To win in future, Labour must have no less an ambition than to regain its former lead amongst older voters, and it needs to think more seriously about how it appeals to this group. Of course many will vote on general issues like the economy or immigration or health just like the rest of the population, but there must be an advantage in thinking through a comprehensive policy which specifically appeals to older people, whatever their tenure. Labour accepted the triple lock, which helps, but needs to check through the gamut of policies that have affected poorer pensioners, and especially the collapse of the care system. Here, as Andy Burnham rightly said during the election, it is not just about spending more, it is about spending money better, like helping people in their own homes rather than keeping them in expensive hospital beds. It is also vital to highlight and address the fears of people now approaching retirement who have been hung out to dry – especially that cohort of women who expected to retire at 60 but will not now be able to retire until they are 66 or 67.

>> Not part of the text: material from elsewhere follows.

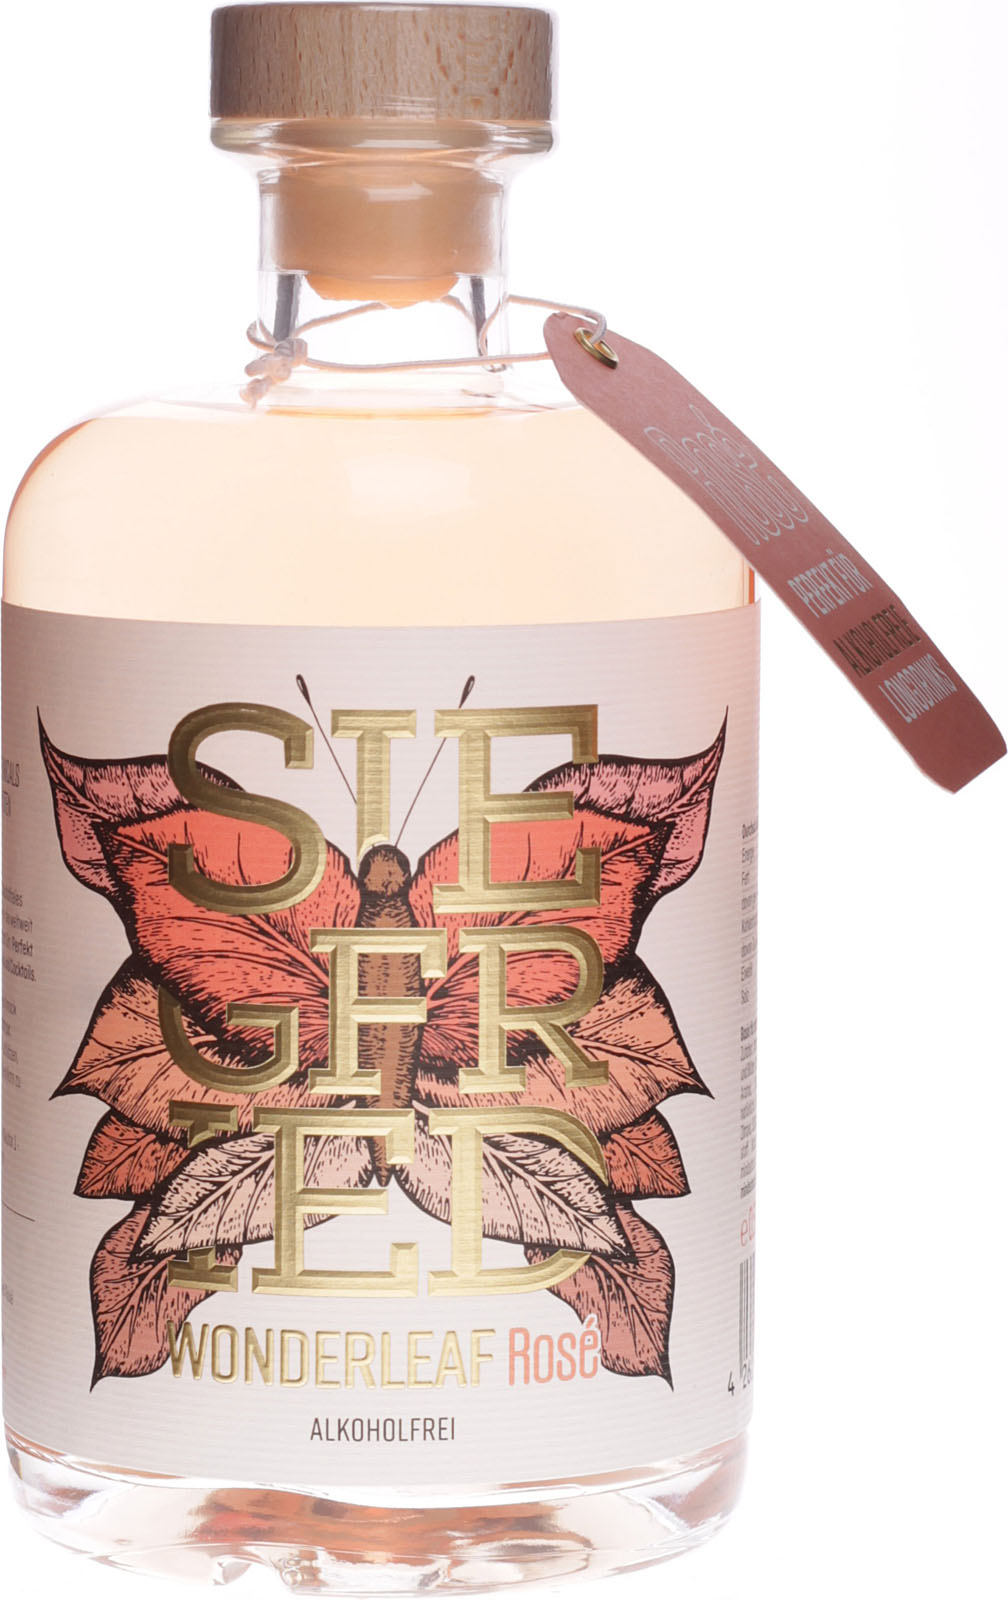 Shop Liter Wonderleaf im Siegfried alkoholfrei Rose 0,5

Ageing has long been a neglected area of housing policy. There have been plenty of ideas and a few programmes but insufficient priority has been given to creating real options and on a sufficient scale. Policy should be based on giving older people real choice rather than just pushing them in a particular direction. Labour’s policy on supporting people had the inadvertent consequence of undermining very popular sheltered housing (by switching money from supporting communal schemes to individual care packages) just as the Tory benefit policies are now undermining the provision of new supported housing. Support for voluntary organisations providing low-level support like shopping and gardening has almost disappeared, as have the projects offering ‘care and repair’ services to home owners that mushroomed in the 1980s. For people with declining health who want to stay in their own home, the central issue is providing far better social care, from domestic support to nursing, and much better post-hospital support. For those who want to stay at home but release some equity, we need a better range of (crucially) properly regulated financial products that people can trust. The state should be acting energetically to help those who would consider moving to somewhere smaller. Very popular schemes under which councils would buy family homes at a discount and provide good quality sheltered housing in return should be reinstated.
These are just a few of many possible suggestions. A forthcoming report on ‘Ageing London’ from the London mayor’s design advisory group will add to the list. But my central point is that Labour should develop an attractive group of real policies, including housing options, which will have a major impact on older people’s lives and help detach them from the bad habit of voting Tory.